Created on 07-07-2016 04:14 AM
The original configurations and the original CLI options are respectively discussed in Section 1 & 2. The new configurations and the new CLI options are respectively discussed in Section 3 & 4.
dfs.datanode.balance.max.concurrent.moves, default is 5
This configuration is to limit the maximum number of concurrent block moves that a Datanode is allowed for balancing the cluster. If this configuration is set in a Datanode, the Datanode will throw an exception if the limit is exceeded. If it is set in the Balancer, the Balancer will schedule concurrent block movements within the limit. Note that the Datanode setting and the Balancer setting could be different. Since both settings impose a restriction, the effective setting is the minimum of them.
Before HDFS-9214, changing this configuration in a Datanode requires restarting the Datanode. Therefore, it is recommended to set it to the highest possible value in Datanodes and adjust the runtime value in Balancer in order to gain the flexibility. HDFS-9214 allows this conf to be reconfigured without Datanode restart; below are the steps for re-configuring a Datanode:
hdfs dfsadmin -reconfig datanode <dn_addr>:<ipc_port> start
For example, suppose a Datanode has 12 disks. Then, this configuration can be set to 24, a small multiple of the number of disks, in the Datanodes. A higher value may not be useful but only increases disk contention. If the Balancer is running in a maintenance window, the setting in Balancer can be the same, i.e. 24, in order to utilize all the bandwidth. However, if the Balancer is running at same time with some other jobs, it should be set to a smaller value, say 5, in the Balancer so that there is bandwidth available for the jobs.
dfs.datanode.balance.bandwidthPerSec, default is 1048576 (=1MB/s)
This configuration is to limit the bandwidth in each Datanode using for balancing the cluster. Unlike dfs.datanode.balance.max.concurrent.moves, changing this configuration does not require restarting Datanodes. It can be done by the following command.
dfsadmin -setBalancerBandwidth <bandwidth in bytes per second>
dfs.balancer.moverThreads, default is 1000
It is the number of threads in Balancer for moving blocks. Each block move requires a thread so that this configuration limits the number of total concurrent moves for balancing in the entire cluster.
[-policy <policy>]
Describe how to determine if a cluster is balanced. The two supported policies are:
Note that the blockpool policy is stricter than the datanode policy in the sense that the blockpool policy requirement implies the datanode policy requirement. The default policy is datanode.
[-threshold <threshold>]
Specify a number in the close interval [1.0, 100.0] representing the acceptable threshold of the percentage of storage capacity so that storage utilization outside the average +/- the threshold is considered as over/under utilized. The default threshold is 10.0, i.e. 10%.
[-blockpools <comma-separated list of blockpool ids>]

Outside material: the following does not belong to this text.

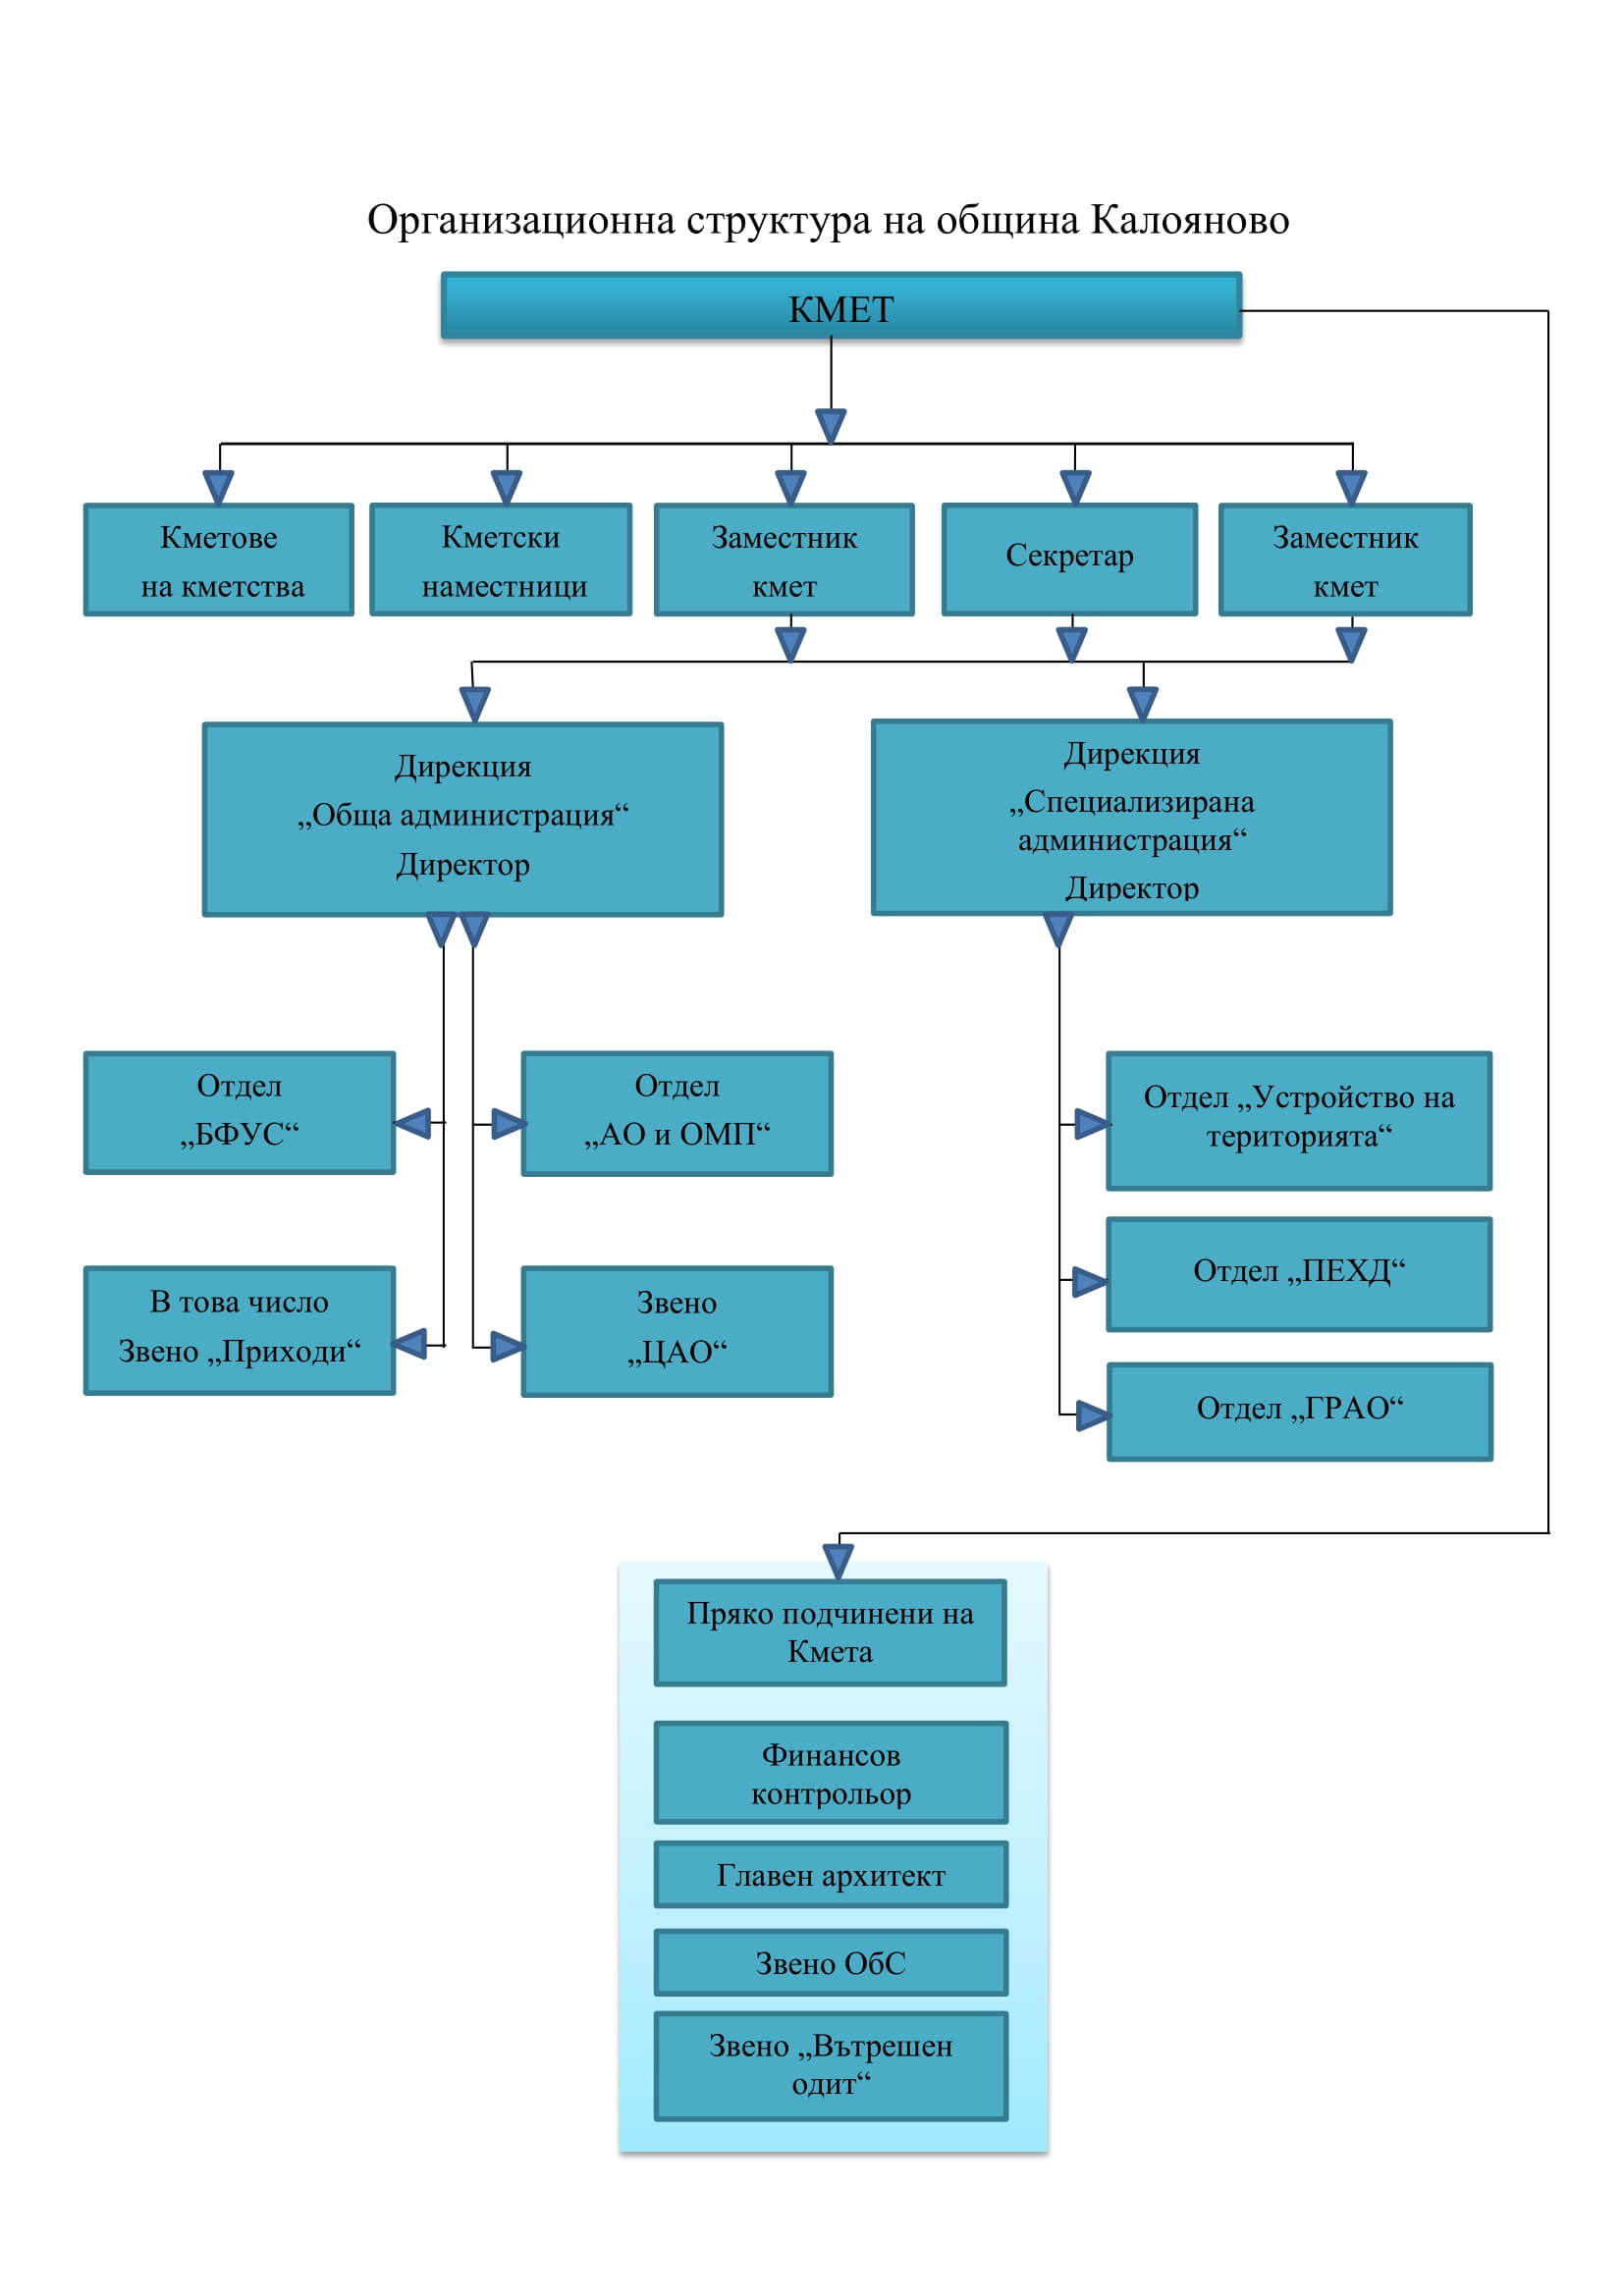 графика на организационната структура на общината

The Balancer will run on only the block pools specified in this list. When the list is empty, the Balancer runs on all the existing block pools. The default value is an empty list.

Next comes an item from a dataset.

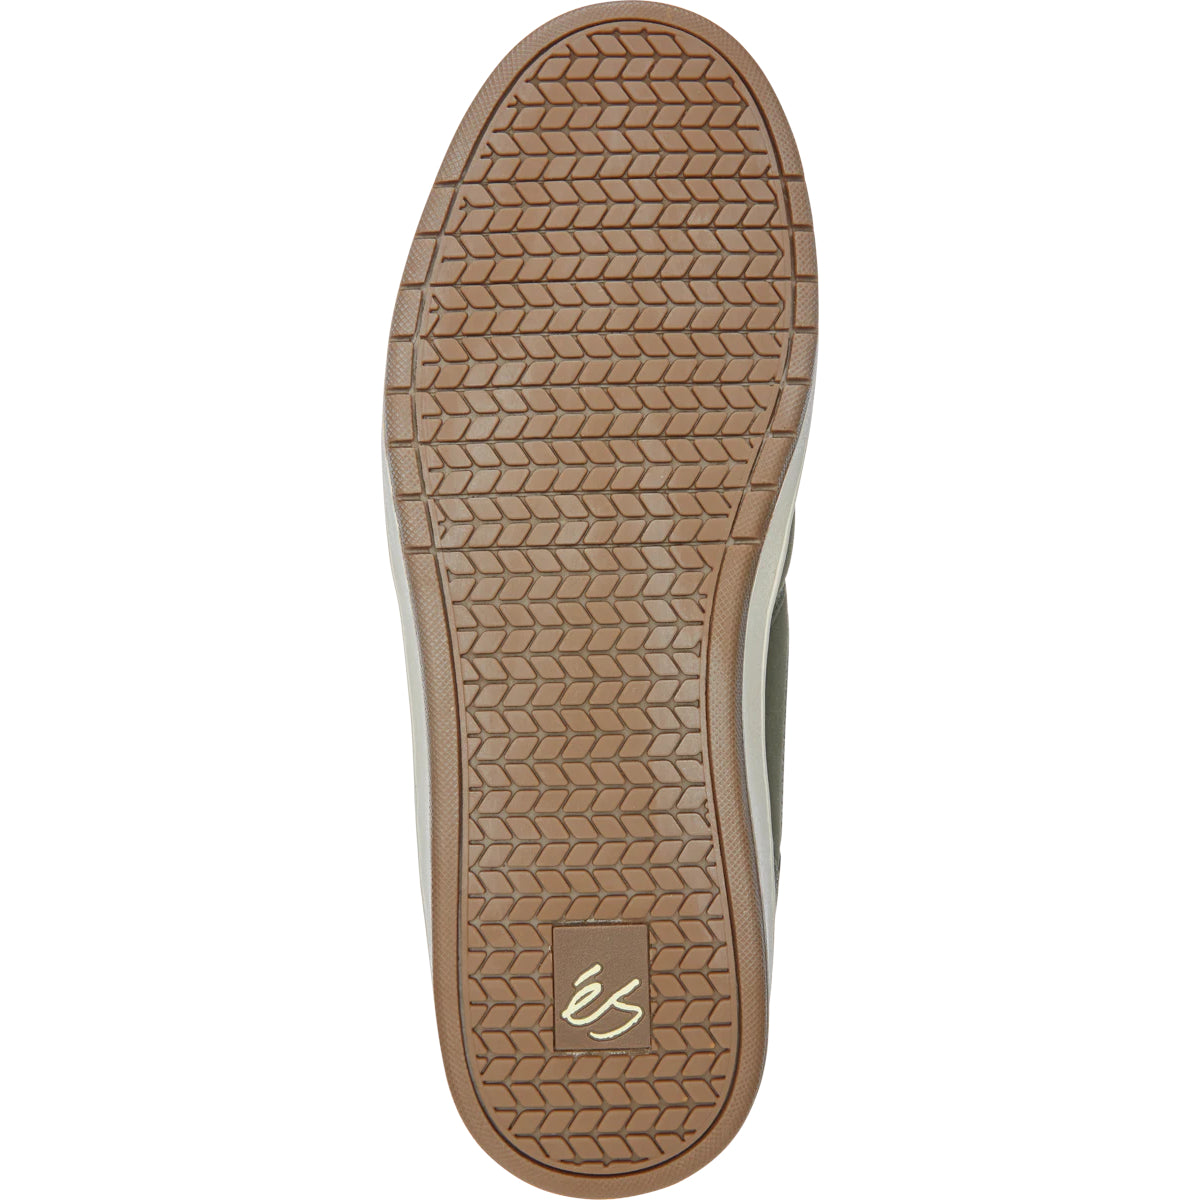 Olive/Tan Accel Slim eS Skateboarding Shoe Bottom

[-include [-f <hosts-file> | <comma-separated list of hosts>]]
When the include list is nonempty, only the datanodes specified in the list will be balanced by the Balancer. An empty include list means including all the datanodes in the cluster. The default value is an empty list.
[-exclude [-f <hosts-file> | <comma-separated list of hosts>]]
The datanodes specified in the exclude list will be excluded so that the Balancer will not balance those datanodes. An empty exclude list means that no datanodes are excluded. When a datanode is specified in both in the include list and the exclude list, the datanode will be excluded. The default value is an empty list.
[-idleiterations <idleiterations>]
It specifies the number of consecutive iterations (-1 for infinite) that no blocks have been moved before the Balancer terminates with the NO_MOVE_PROGRESS exit code. The default is 5.
[-runDuringUpgrade]
If it is specified, the Balancer will run even if there is an ongoing HDFS upgrade; otherwise, the Balancer terminates with the UNFINALIZED_UPGRADE exit code. When there is no ongoing upgrade, this option has no effect. It is usually undesirable to run Balancer during upgrade since, in order to support rollback, the blocks being deleted from HDFS will be moved to the internal trash directory in datanodes but not actually deleted. Therefore, running Balancer during upgrading cannot reduce the usage of any datanode storage.
dfs.balancer.max-size-to-move, default is 10737418240 (=10GB)
In each iteration, Balancer chooses datanodes in pairs and then moves data between the datanode pairs. This configuration is to limit the maximum size of data that the Balancer will move between a chosen datanode pair. When the network and disk are not saturated, increasing this configuration can increase the data transfer between datanode pair in each iteration while the duration of an iteration remains about the same.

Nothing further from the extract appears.